For the past decade or so, this view has been changing almost by the month. The city’s luxury boom has collided with its strict preservation codes, forcing architects to invent a new design language that balances heritage and ambition. What began with a few high-profile projects has become a defining feature of Jerusalem’s 21st-century identity. It’s no longer only a city of ancient stones but an urban-forward hub where the past and future are locked in an ongoing architectural conversation.
This collision of old and new is the result of shifting demographics, design sensibilities, and real estate economics that have forced the city to reimagine itself. The municipality’s push has been straightforward: Stop the steady trickle of residents leaving for work and affordability elsewhere, and instead, bring in families and professionals prepared to build a future here.
For some, the transformation is simply disorienting; yet there are others who see it as a postmodern infringement on the quaint Jerusalem they love, or worry that they’ll be priced out of the city — not an unreasonable fear, as many young couples who grew up in Jerusalem can only dream of settling in the city as their own families grow. For many, though, it’s the evolution that Jerusalem has been anticipating as the country steps toward a new and ever more prosperous era.
City in Flux
Across Jerusalem, hardly a stone is left unturned — or undrilled. Public transport is being reimagined, with bridges that will arc over highways, new access roads threading into busy intersections, and the light rail steadily extending its reach until it will eventually crisscross the entire city from end to end.
Near the Old City walls, the Mamilla redevelopment hums with shoppers meandering through restored stone arcades, where boutiques and cafés open onto polished plazas.
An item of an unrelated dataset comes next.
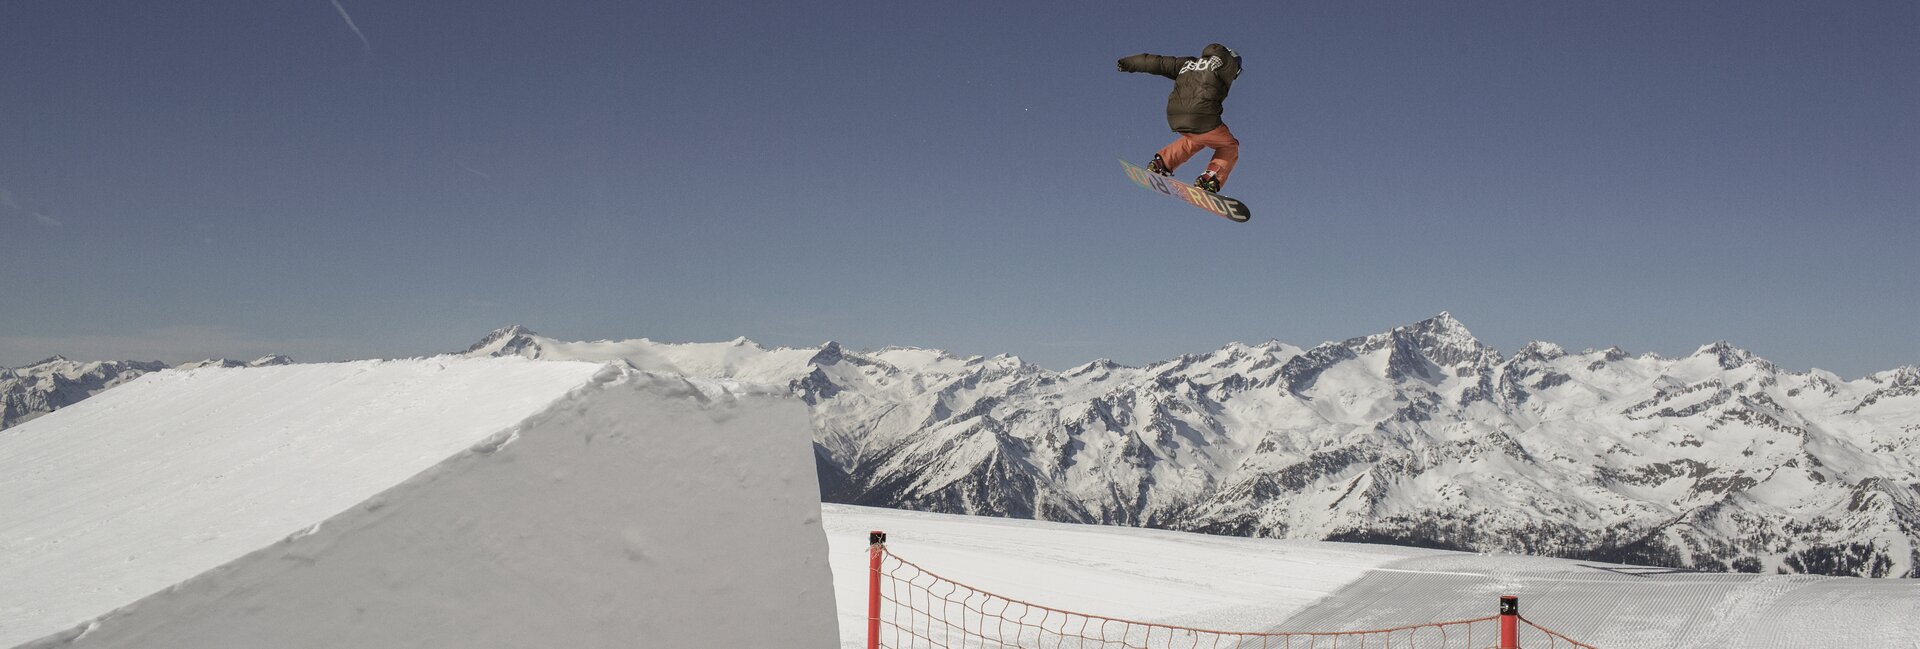 Madonna di Campiglio - Snowboarder in salto

At the city entrance, the Jerusalem Gateway project is transforming the stretch between the Chords Bridge and the Central Bus Station into a cluster of high-rises, office towers, and a high-speed rail hub that will place Jerusalem firmly on the global business map.
Even in outlying neighborhoods, urban renewal projects are taking over entire streets as aging four-story walkups give way to glassy towers and mid-rise buildings. For decades, those neighborhoods maintained the modest vertical profile of post-1950s construction, all covered in the famous white Jerusalem stone. But that profile is fast being replaced, as across the length and breadth of the city — from Kiryat Yovel and Kiryat Menachem to Katamonim, Arnona, Armon Hanetziv, Talpiyot, and Givat Shaul — construction cranes have become as common as lampposts.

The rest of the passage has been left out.